Friday, 14 December 2012

Mammy Moo Cow

On today’s edition of old Public Domain Cartoons, we take you back to exciting days in old New York, where the Fleischer studio had Betty Boop and the Van Beuren studio responded with its own female character.

Yes, Molly Moo Cow.

Molly, in her four pictures, just wanted to be loved. Instead, she was callously shoved off the screen in 1936 because the people at RKO, for some reason, decided they’d rather release cartoons with Mickey Mouse, Donald Duck and Goofy than a child-like cow. The Van Beuren studio closed forever. Fortunately, some of its artists jumped ship before that happened. One of them was Joe Barbera, whose autobiography reveals what it was like to work with dear old Molly:
The model sheet, which establishes the look, shape and even dimensions for each character, and which is so essential to professional animation, was unknown at Van Beuren.
This meant that even a simplistic, homely character like Gillette’s real winner, Molly Moo Cow, given to thirteen animators, would emerge as thirteen different cows. Rubber- legged and amorphous to begin with, Molly would go through a most disquieting process of metamorphosis when the work of these thirteen animators was cut together into what was supposedly a single five-minute cartoon. … With a staff of about 150, the organizational chaos at Van Beuren was a serious problem, but the worse fault was exemplified by the very idea of Molly Moo Cow herself. This was the best character they could come up with? I mean, what can you do with a cow? It isn't intelligent. It certainly isn't beautiful — except to a farmer or a bull. It is sedentary rather than lively, and, even with rubber legs, it doesn’t move in interesting ways or in a way that allows much range or variety of action. As animated characters, cows do not work.
One has to wonder how accurate Barbera’s memory was. Model sheets certainly were known at Van Beuren at that time and several have been reproduced in books. Furthermore, models of Molly and her co-stars were registered with the U.S. Government Copyright Office on October 19, 1935.

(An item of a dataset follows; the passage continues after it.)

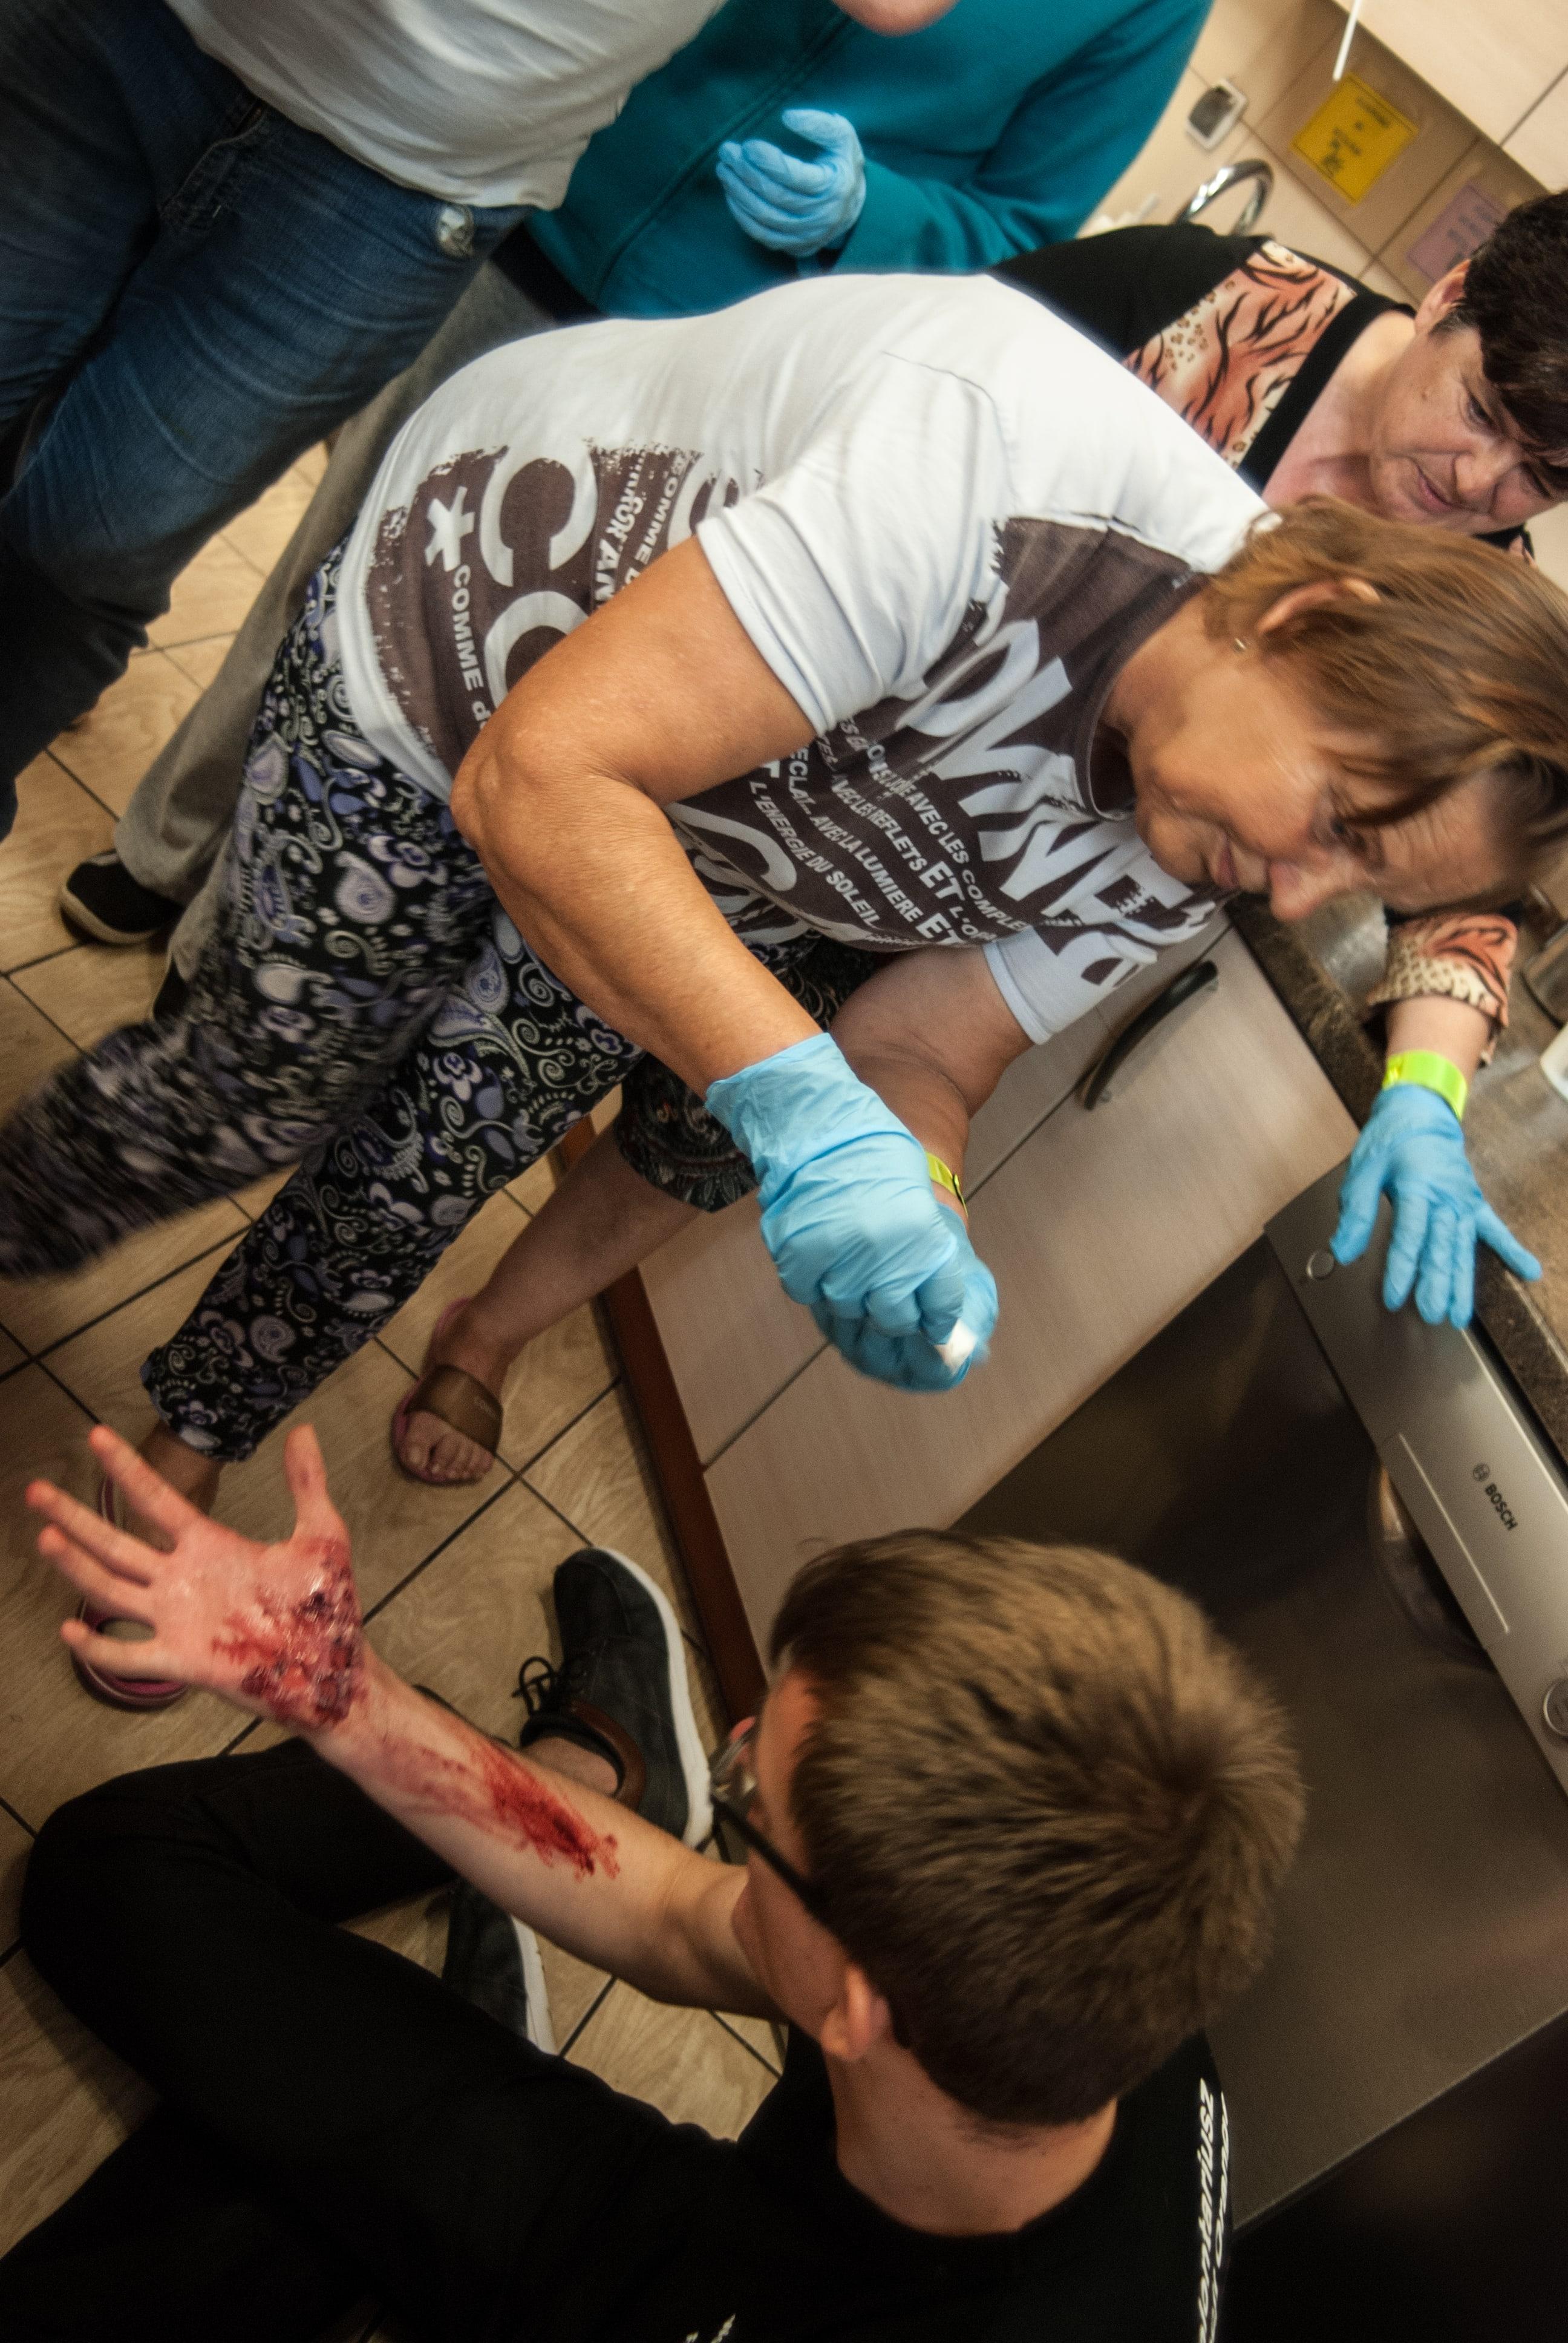 pierwsza pomoc oparzenie ręki, poparzona skóra, jałowe opatrunki, rescue class=

It may seem odd to compare Van Beuren of 1936 to the acclaimed UPA studio 20 years later but they had something in common—both seemed to feel art was the only thing that counted. Story? Who cares! And that’s the problem with Molly. Director Burt Gillett was probably delighted that Molly could twist and turn and frown at the command of Carlo Vinci’s pencil—and could point to the fact that the animation at the studio got better after he took charge. But the audience doesn’t care if Molly can do a 180 on screen better than Cubby Bear a few years earlier. They want to be engaged with the characters and that simply doesn’t happen. All they’re seeing is personality animation with no personality.

Molly’s final adventure was “Molly Moo Cow and Robinson Crusoe.” Gillett and Tom Palmer inject a song and Win Sharples provides a nice score but there’s no point to most of the cartoon and the main characters simply aren’t likeable.

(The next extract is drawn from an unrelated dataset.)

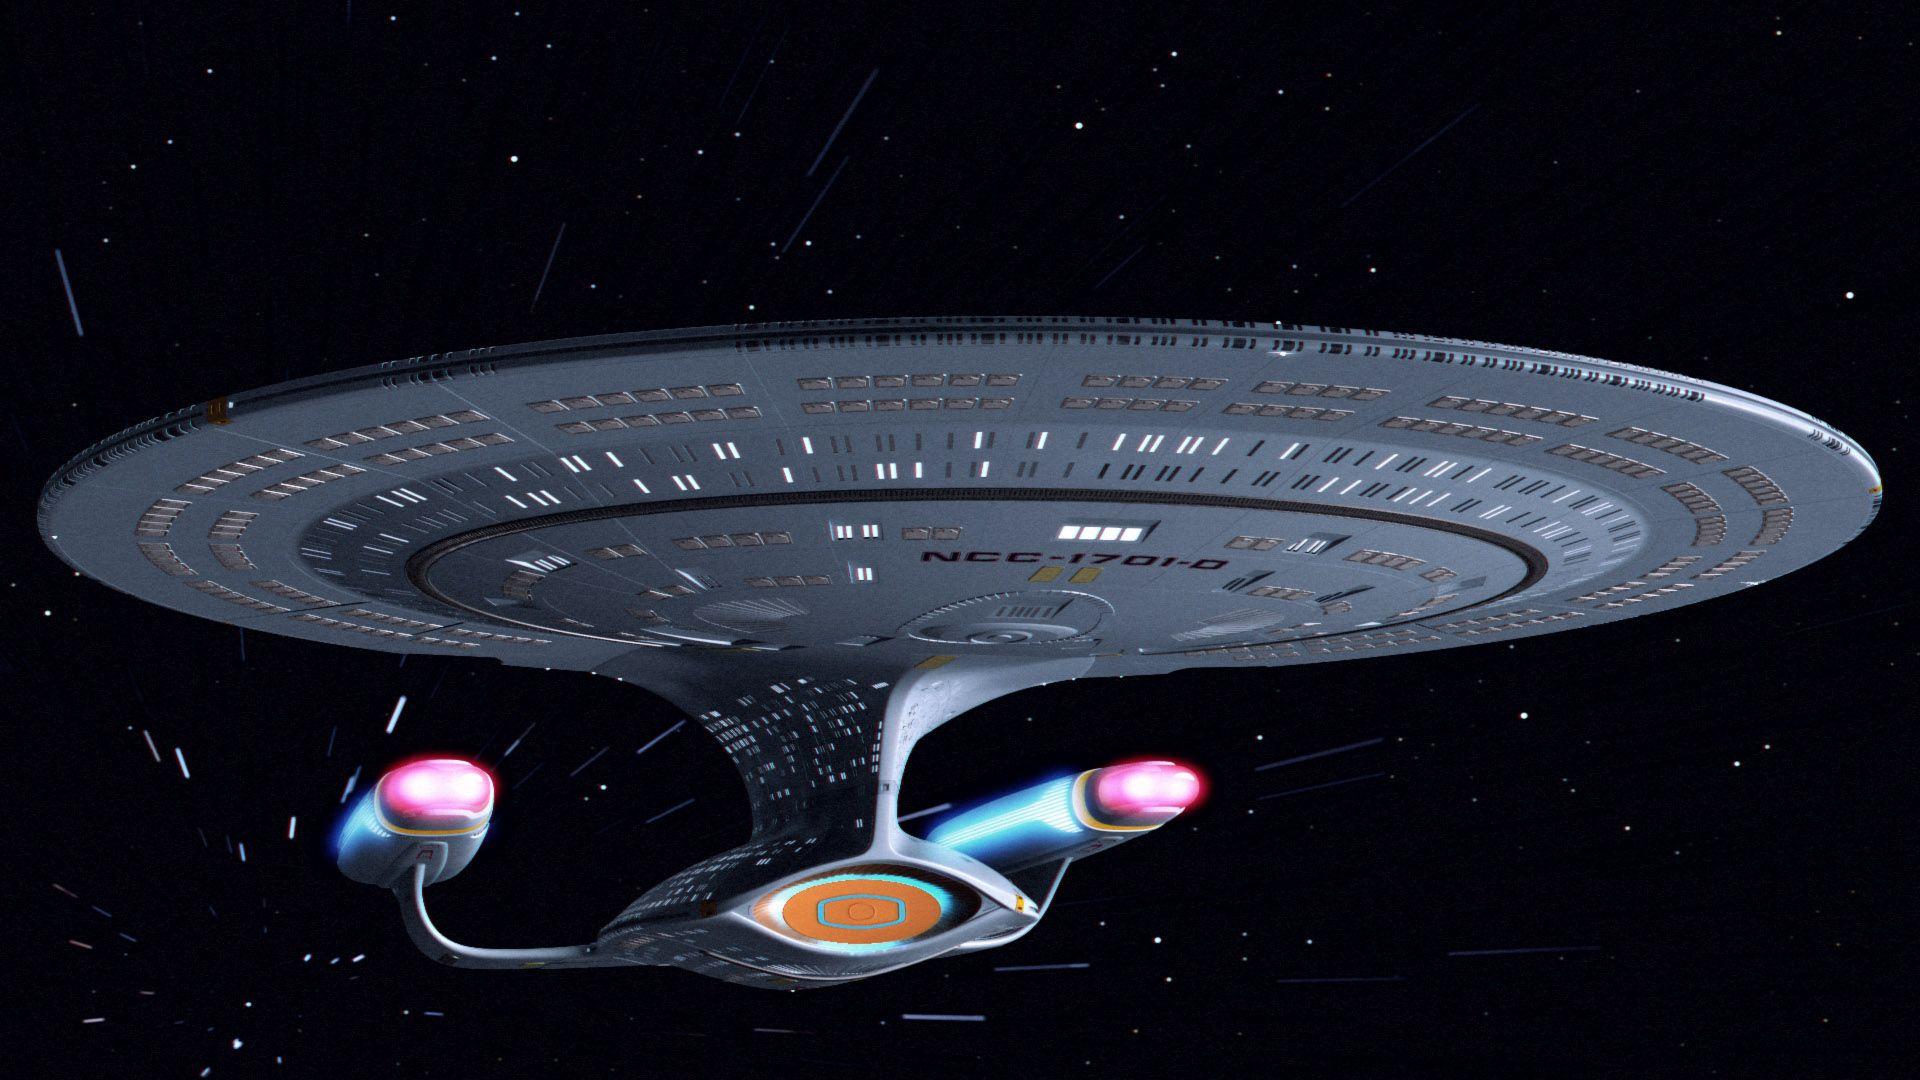 Uss enterprise ncc 1701 d

And then there’s the problem of cannibals. You just can’t show them in cartoons any more.

Oh, and the cartoon ends with Molly in blackface imitating Al Jolson and Robinson calls her “Friday.” Jolson was acclaimed as the world’s greatest entertainer in his day. Molly was not.

The death of the Van Beuren studio didn’t really kill Molly. Her films were seen on television in the early ‘50s before being shoved aside by better old theatricals and then TV cartoons—including some made by a chap named Barbera. But when television didn’t want her, public domain video tapes and DVDs did. The copies of the prints aren’t that great, but the curious can still see Van Beuren’s female star in action.